#### Records to process
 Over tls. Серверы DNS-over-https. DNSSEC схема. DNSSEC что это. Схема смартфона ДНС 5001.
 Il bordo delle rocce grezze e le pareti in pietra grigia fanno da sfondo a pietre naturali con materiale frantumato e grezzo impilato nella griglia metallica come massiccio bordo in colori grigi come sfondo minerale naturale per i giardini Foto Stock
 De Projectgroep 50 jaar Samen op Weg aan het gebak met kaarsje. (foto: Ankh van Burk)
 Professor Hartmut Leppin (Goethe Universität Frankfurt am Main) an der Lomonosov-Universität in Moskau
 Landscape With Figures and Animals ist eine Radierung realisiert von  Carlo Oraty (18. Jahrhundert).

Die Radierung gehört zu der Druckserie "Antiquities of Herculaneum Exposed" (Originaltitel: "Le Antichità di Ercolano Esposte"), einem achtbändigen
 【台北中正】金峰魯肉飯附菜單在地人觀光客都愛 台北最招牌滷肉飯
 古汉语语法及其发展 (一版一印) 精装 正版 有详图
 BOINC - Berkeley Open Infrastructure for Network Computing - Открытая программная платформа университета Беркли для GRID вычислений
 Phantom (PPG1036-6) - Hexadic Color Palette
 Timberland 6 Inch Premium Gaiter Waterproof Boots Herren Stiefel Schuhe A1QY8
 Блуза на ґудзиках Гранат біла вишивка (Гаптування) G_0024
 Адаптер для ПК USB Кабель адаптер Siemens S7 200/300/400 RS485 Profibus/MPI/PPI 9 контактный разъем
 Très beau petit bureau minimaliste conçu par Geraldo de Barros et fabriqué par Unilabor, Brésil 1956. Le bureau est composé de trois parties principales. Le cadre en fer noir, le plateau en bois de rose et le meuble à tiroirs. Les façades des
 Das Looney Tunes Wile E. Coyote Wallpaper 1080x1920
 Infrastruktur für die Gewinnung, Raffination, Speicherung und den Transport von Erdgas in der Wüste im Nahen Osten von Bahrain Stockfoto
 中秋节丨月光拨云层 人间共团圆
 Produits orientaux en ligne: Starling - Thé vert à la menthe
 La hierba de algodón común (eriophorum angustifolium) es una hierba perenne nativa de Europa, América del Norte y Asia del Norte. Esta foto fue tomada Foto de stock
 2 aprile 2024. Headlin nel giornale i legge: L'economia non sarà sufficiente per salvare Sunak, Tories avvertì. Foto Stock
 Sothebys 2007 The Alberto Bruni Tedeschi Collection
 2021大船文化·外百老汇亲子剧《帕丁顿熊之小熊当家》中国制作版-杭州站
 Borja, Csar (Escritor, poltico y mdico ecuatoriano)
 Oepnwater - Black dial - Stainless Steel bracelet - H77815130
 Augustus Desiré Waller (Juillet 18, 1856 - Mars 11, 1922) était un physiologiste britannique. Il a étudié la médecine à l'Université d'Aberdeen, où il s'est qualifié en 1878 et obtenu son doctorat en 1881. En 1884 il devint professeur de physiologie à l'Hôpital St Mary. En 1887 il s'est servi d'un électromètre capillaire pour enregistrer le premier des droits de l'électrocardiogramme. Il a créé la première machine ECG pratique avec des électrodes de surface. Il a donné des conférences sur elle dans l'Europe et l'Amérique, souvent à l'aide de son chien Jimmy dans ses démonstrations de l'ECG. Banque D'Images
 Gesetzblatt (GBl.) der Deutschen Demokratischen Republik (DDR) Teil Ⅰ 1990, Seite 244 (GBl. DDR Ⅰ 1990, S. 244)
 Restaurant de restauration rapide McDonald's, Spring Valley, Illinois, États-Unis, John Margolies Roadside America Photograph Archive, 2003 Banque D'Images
########
• Work request: Retype the entire listing without altering anything.

• Response area:
 Over tls. Серверы DNS-over-https. DNSSEC схема. DNSSEC что это. Схема смартфона ДНС 5001.
 Il bordo delle rocce grezze e le pareti in pietra grigia fanno da sfondo a pietre naturali con materiale frantumato e grezzo impilato nella griglia metallica come massiccio bordo in colori grigi come sfondo minerale naturale per i giardini Foto Stock
 De Projectgroep 50 jaar Samen op Weg aan het gebak met kaarsje. (foto: Ankh van Burk)
 Professor Hartmut Leppin (Goethe Universität Frankfurt am Main) an der Lomonosov-Universität in Moskau
 Landscape With Figures and Animals ist eine Radierung realisiert von  Carlo Oraty (18. Jahrhundert).

Die Radierung gehört zu der Druckserie "Antiquities of Herculaneum Exposed" (Originaltitel: "Le Antichità di Ercolano Esposte"), einem achtbändigen
 【台北中正】金峰魯肉飯附菜單在地人觀光客都愛 台北最招牌滷肉飯
 古汉语语法及其发展 (一版一印) 精装 正版 有详图
 BOINC - Berkeley Open Infrastructure for Network Computing - Открытая программная платформа университета Беркли для GRID вычислений
 Phantom (PPG1036-6) - Hexadic Color Palette
 Timberland 6 Inch Premium Gaiter Waterproof Boots Herren Stiefel Schuhe A1QY8
 Блуза на ґудзиках Гранат біла вишивка (Гаптування) G_0024
 Адаптер для ПК USB Кабель адаптер Siemens S7 200/300/400 RS485 Profibus/MPI/PPI 9 контактный разъем
 Très beau petit bureau minimaliste conçu par Geraldo de Barros et fabriqué par Unilabor, Brésil 1956. Le bureau est composé de trois parties principales. Le cadre en fer noir, le plateau en bois de rose et le meuble à tiroirs. Les façades des
 Das Looney Tunes Wile E. Coyote Wallpaper 1080x1920
 Infrastruktur für die Gewinnung, Raffination, Speicherung und den Transport von Erdgas in der Wüste im Nahen Osten von Bahrain Stockfoto
 中秋节丨月光拨云层 人间共团圆
 Produits orientaux en ligne: Starling - Thé vert à la menthe
 La hierba de algodón común (eriophorum angustifolium) es una hierba perenne nativa de Europa, América del Norte y Asia del Norte. Esta foto fue tomada Foto de stock
 2 aprile 2024. Headlin nel giornale i legge: L'economia non sarà sufficiente per salvare Sunak, Tories avvertì. Foto Stock
 Sothebys 2007 The Alberto Bruni Tedeschi Collection
 2021大船文化·外百老汇亲子剧《帕丁顿熊之小熊当家》中国制作版-杭州站
 Borja, Csar (Escritor, poltico y mdico ecuatoriano)
 Oepnwater - Black dial - Stainless Steel bracelet - H77815130
 Augustus Desiré Waller (Juillet 18, 1856 - Mars 11, 1922) était un physiologiste britannique. Il a étudié la médecine à l'Université d'Aberdeen, où il s'est qualifié en 1878 et obtenu son doctorat en 1881. En 1884 il devint professeur de physiologie à l'Hôpital St Mary. En 1887 il s'est servi d'un électromètre capillaire pour enregistrer le premier des droits de l'électrocardiogramme. Il a créé la première machine ECG pratique avec des électrodes de surface. Il a donné des conférences sur elle dans l'Europe et l'Amérique, souvent à l'aide de son chien Jimmy dans ses démonstrations de l'ECG. Banque D'Images
 Gesetzblatt (GBl.) der Deutschen Demokratischen Republik (DDR) Teil Ⅰ 1990, Seite 244 (GBl. DDR Ⅰ 1990, S. 244)
 Restaurant de restauration rapide McDonald's, Spring Valley, Illinois, États-Unis, John Margolies Roadside America Photograph Archive, 2003 Banque D'Images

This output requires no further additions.